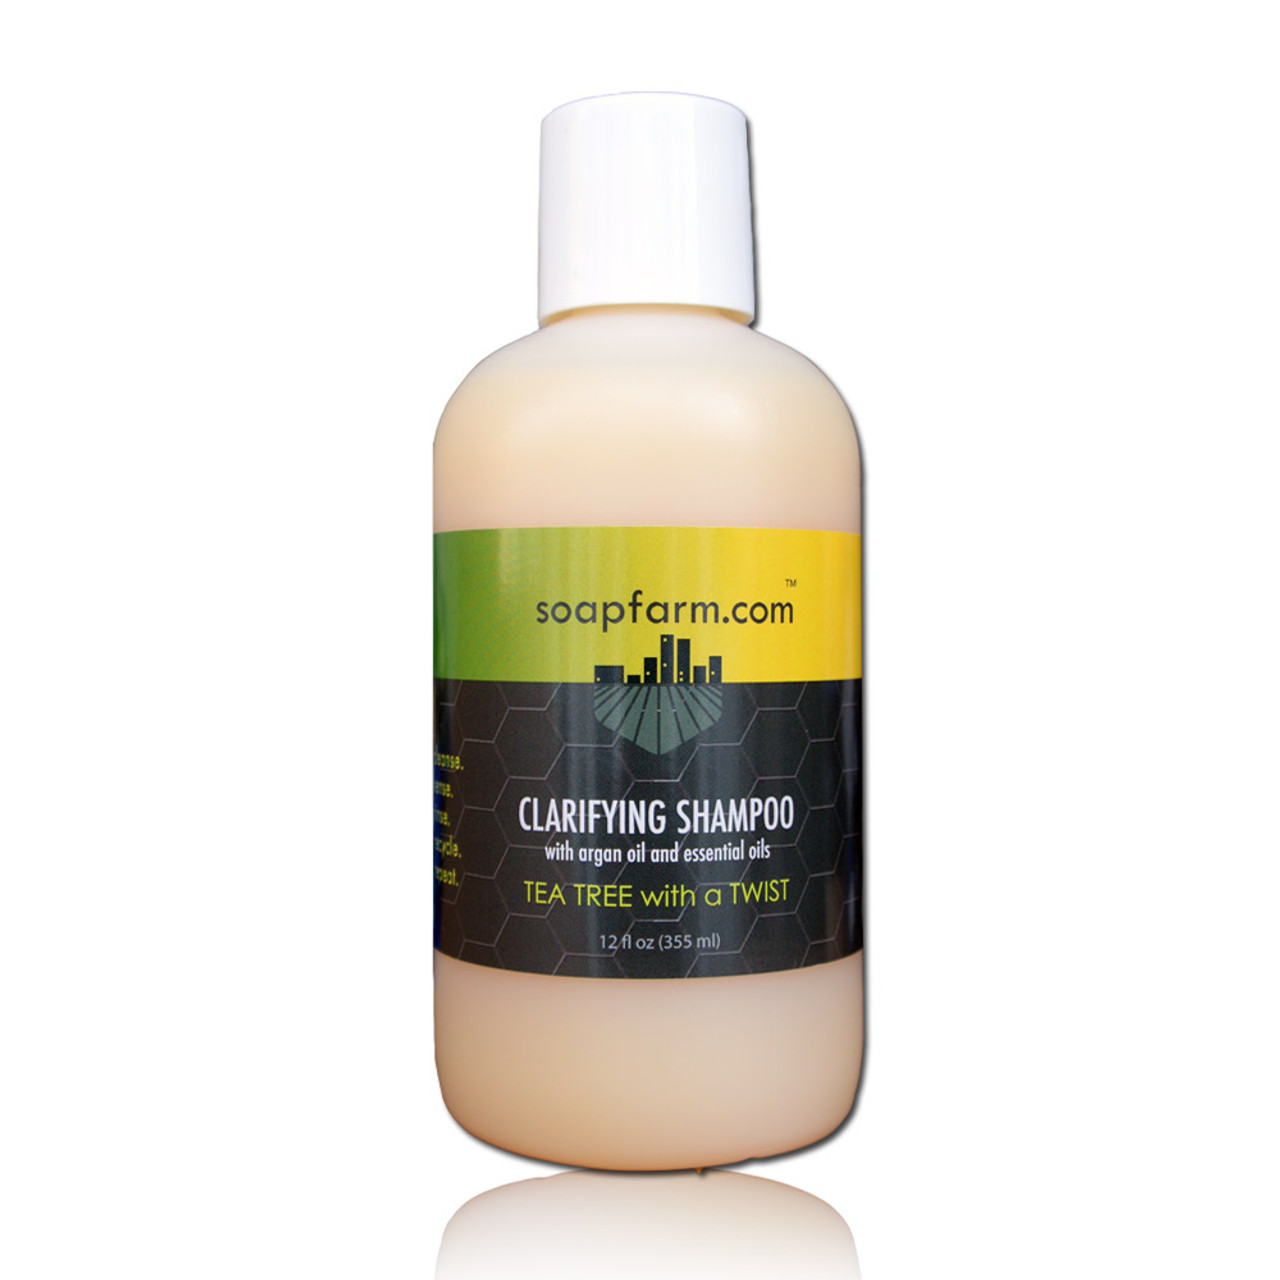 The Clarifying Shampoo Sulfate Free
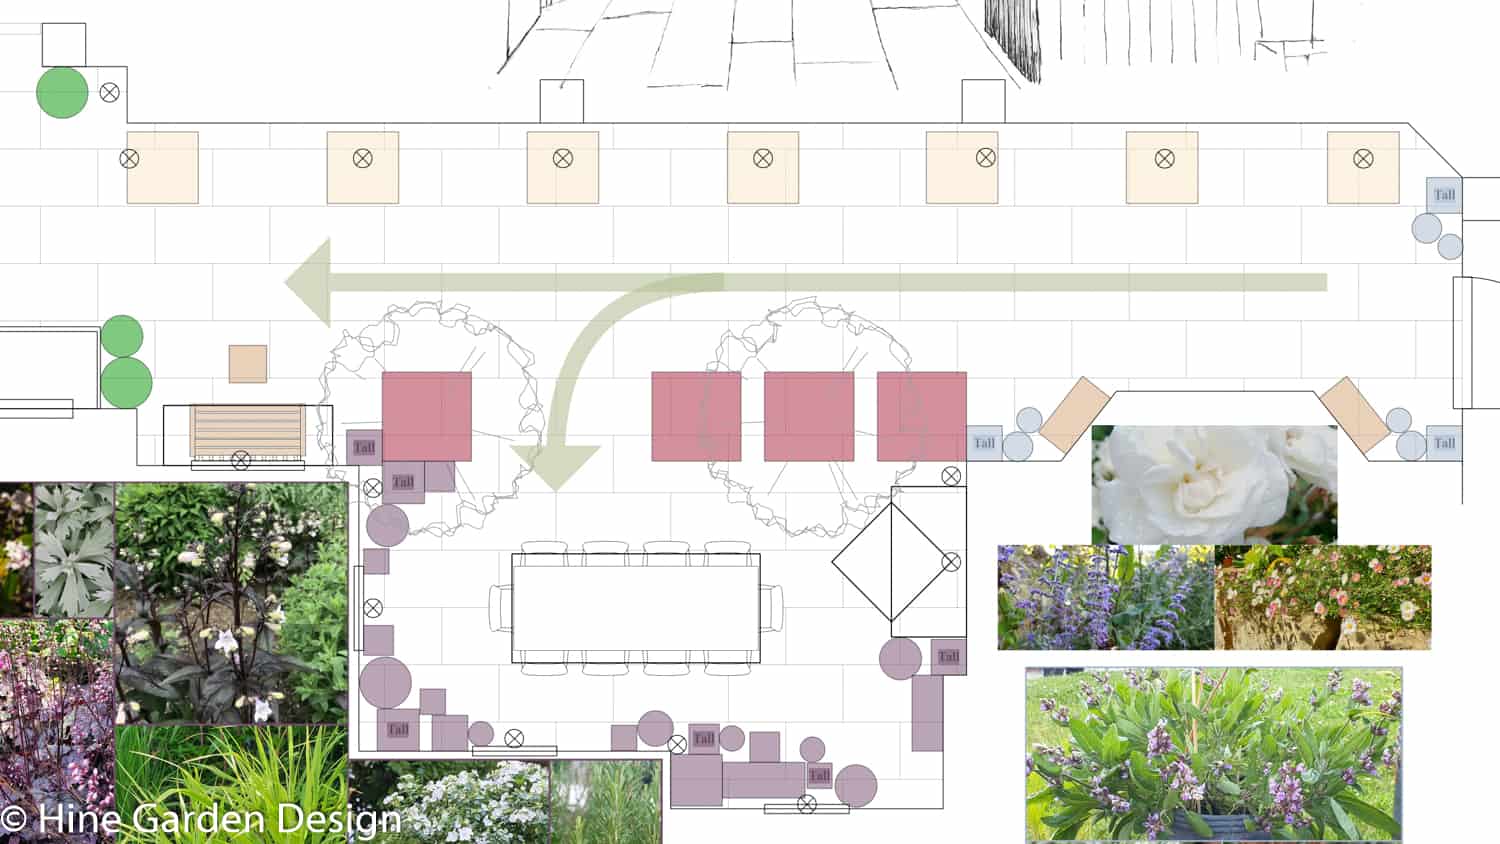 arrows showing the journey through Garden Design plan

--

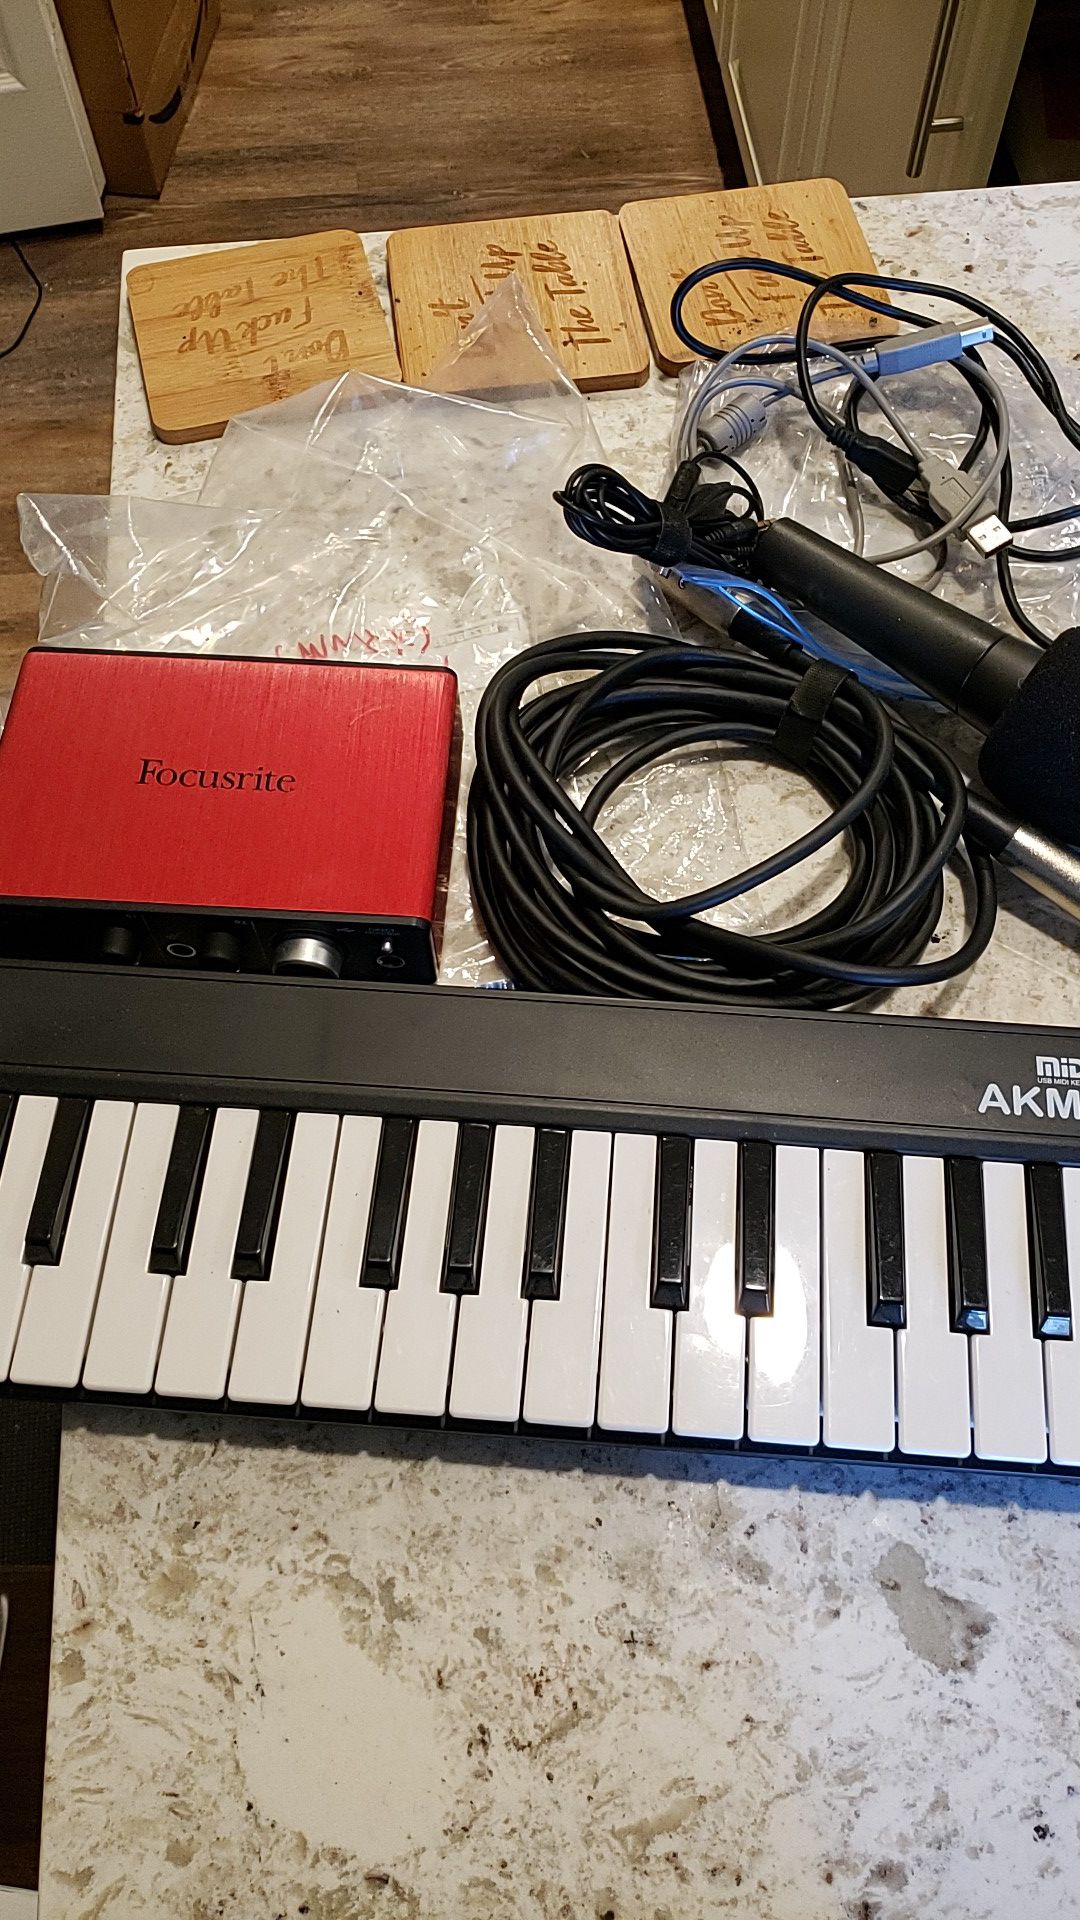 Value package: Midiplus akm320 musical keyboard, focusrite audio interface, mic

--

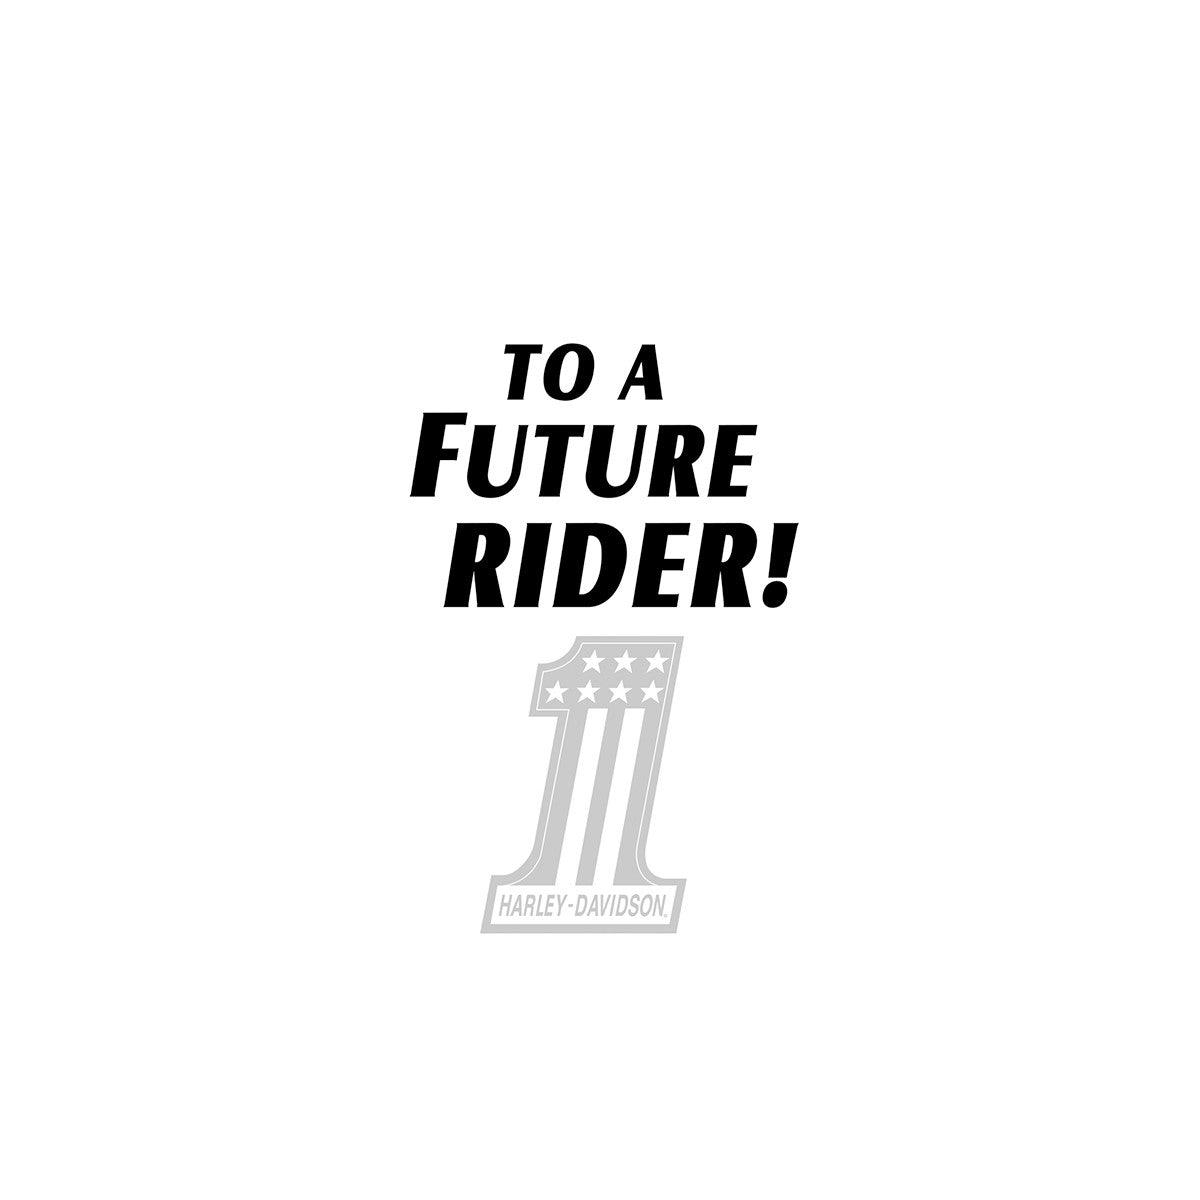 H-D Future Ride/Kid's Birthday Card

**What is expected:** Taking the entries above, extract every line from the one bearing "The Clarifying Shampoo Sulfate Free" through the one bearing "arrows showing the", exactly, with no pictures.

**Result of the task:**
 The Clarifying Shampoo Sulfate Free
 arrows showing the journey through Garden Design plan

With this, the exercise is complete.